I’m having a lot of fun with automated code rewrite.

I’d like to create something that I can implement an experiment, change some code and run some test to check if it’s working.

I worked on a simple script to speed up the test suite automatically replaces create with build_stubbed, and it worked. You can check the first part of my novel in my Adventures on automated code replacement.

Now my idea is to expand it in a set of tools that we can use to check if we forgot something or if we can improve something, or remove some code.

So, let me list a few ideas I already worked on.

Replace FactoryGirl.create with build_stubbed

This is a small improvement that fabricates an object but does not make it touches in the database and make specs run faster.

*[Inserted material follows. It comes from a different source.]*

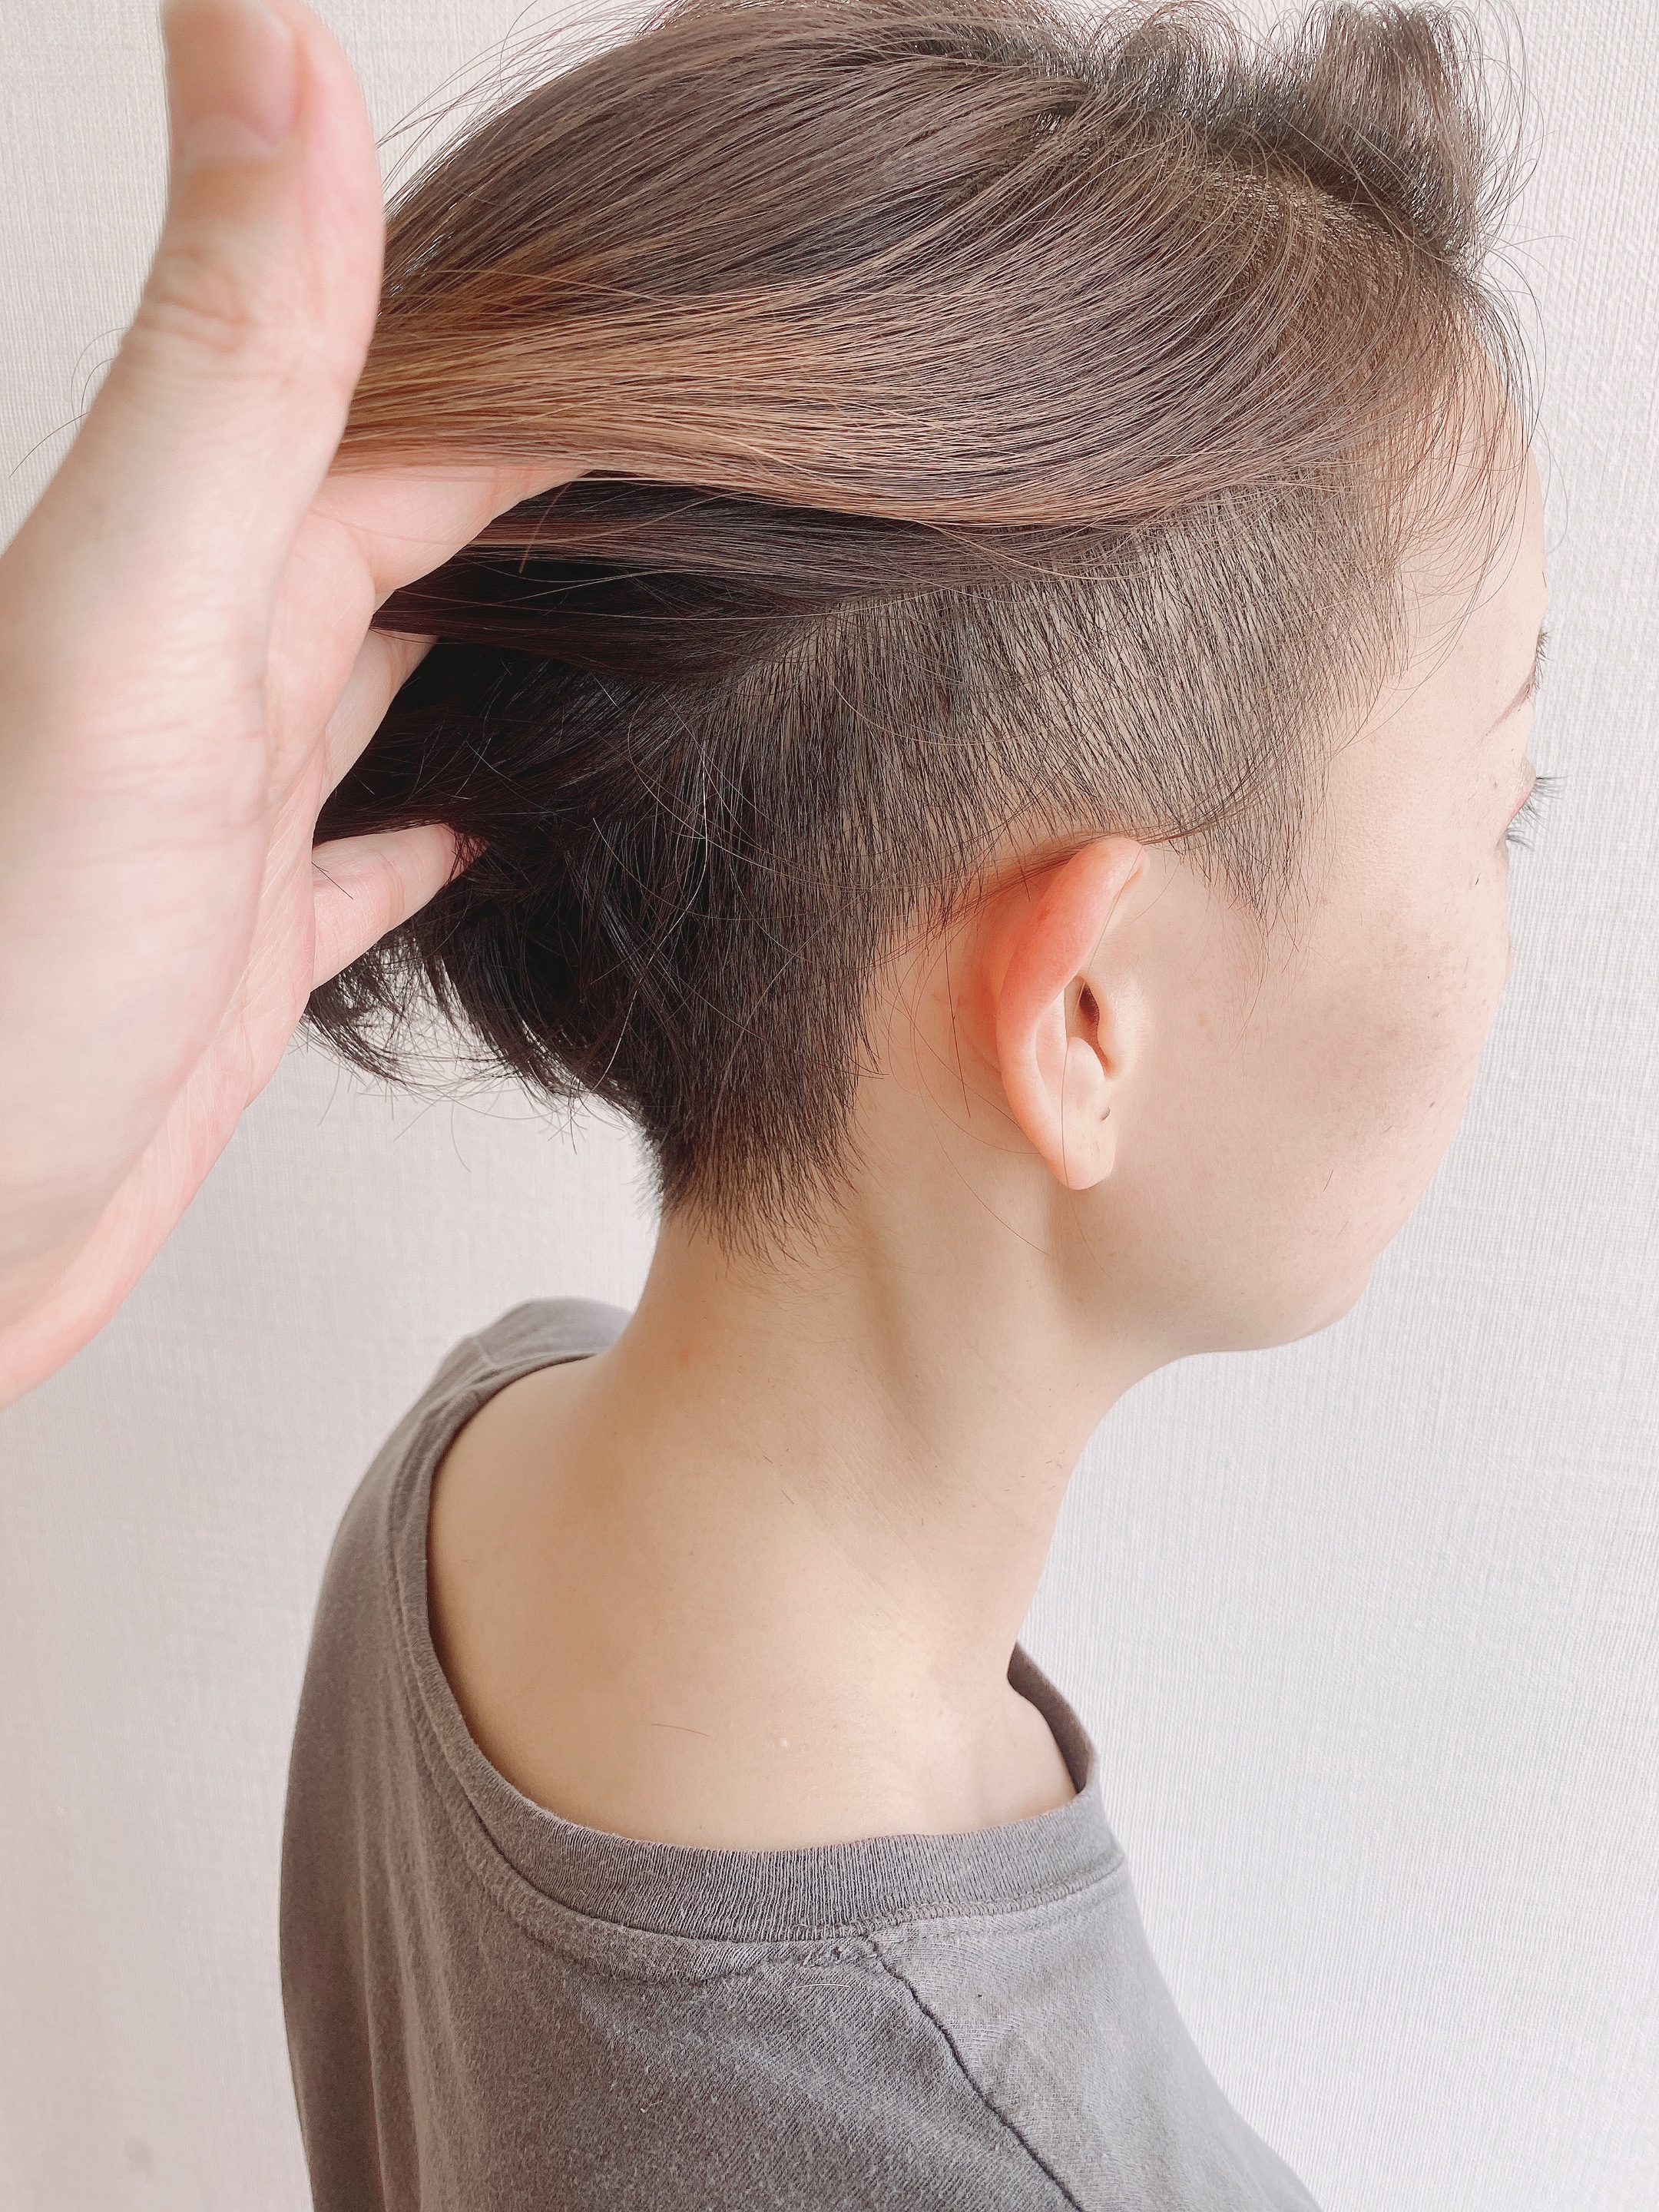 女性でも らしさ を求めて欲しい 夏木マリさんの刈り上げヘア風にツーブロックボブが可愛い 総社市 美容室ルチア 30代 40代 50代の髪の悩み解消

Remove extra options described in RSpec blocks

Lets imagine you’re using timecop-rspec gem and you have a case like this:

it 'travels but check nothing', travel: Time.new(2014, 11, 15) do
  expect(something).to be :ok

But the travel was forgotten there and is not being used. Then we can remove the travel block and run the spec and check if it works.

it 'travels but check nothing' do
  expect(something).to be :ok


If the test passes, the script can make the change official.


My actual script replaced it with all occurrences at one time. Then, it’s a bit weird and is not so powerful because sometimes we have a few cases that can work and others not. Ideally, it should run one change each time and check if that change works.

Then if it works, it can do another change and check if it works.

I also did another very similar script for factory_girl-seeds and in at that time the way I was trying to automate the replacement of FactoryGirl.create to use seed instead. It was a bit bugged because seed method does not support traits and recognize extra attributes as keys for each kind of record needed.

The engine

A tool for run code patch experiments. It should make code changes, create some temporary spec and check if it works. Also, apply to the official code if the spec works.

Criteria for keep the change

The criteria should be related to keep or not keep that change. If the test passes but it’s degrading the performance, or the improvement is insignificant.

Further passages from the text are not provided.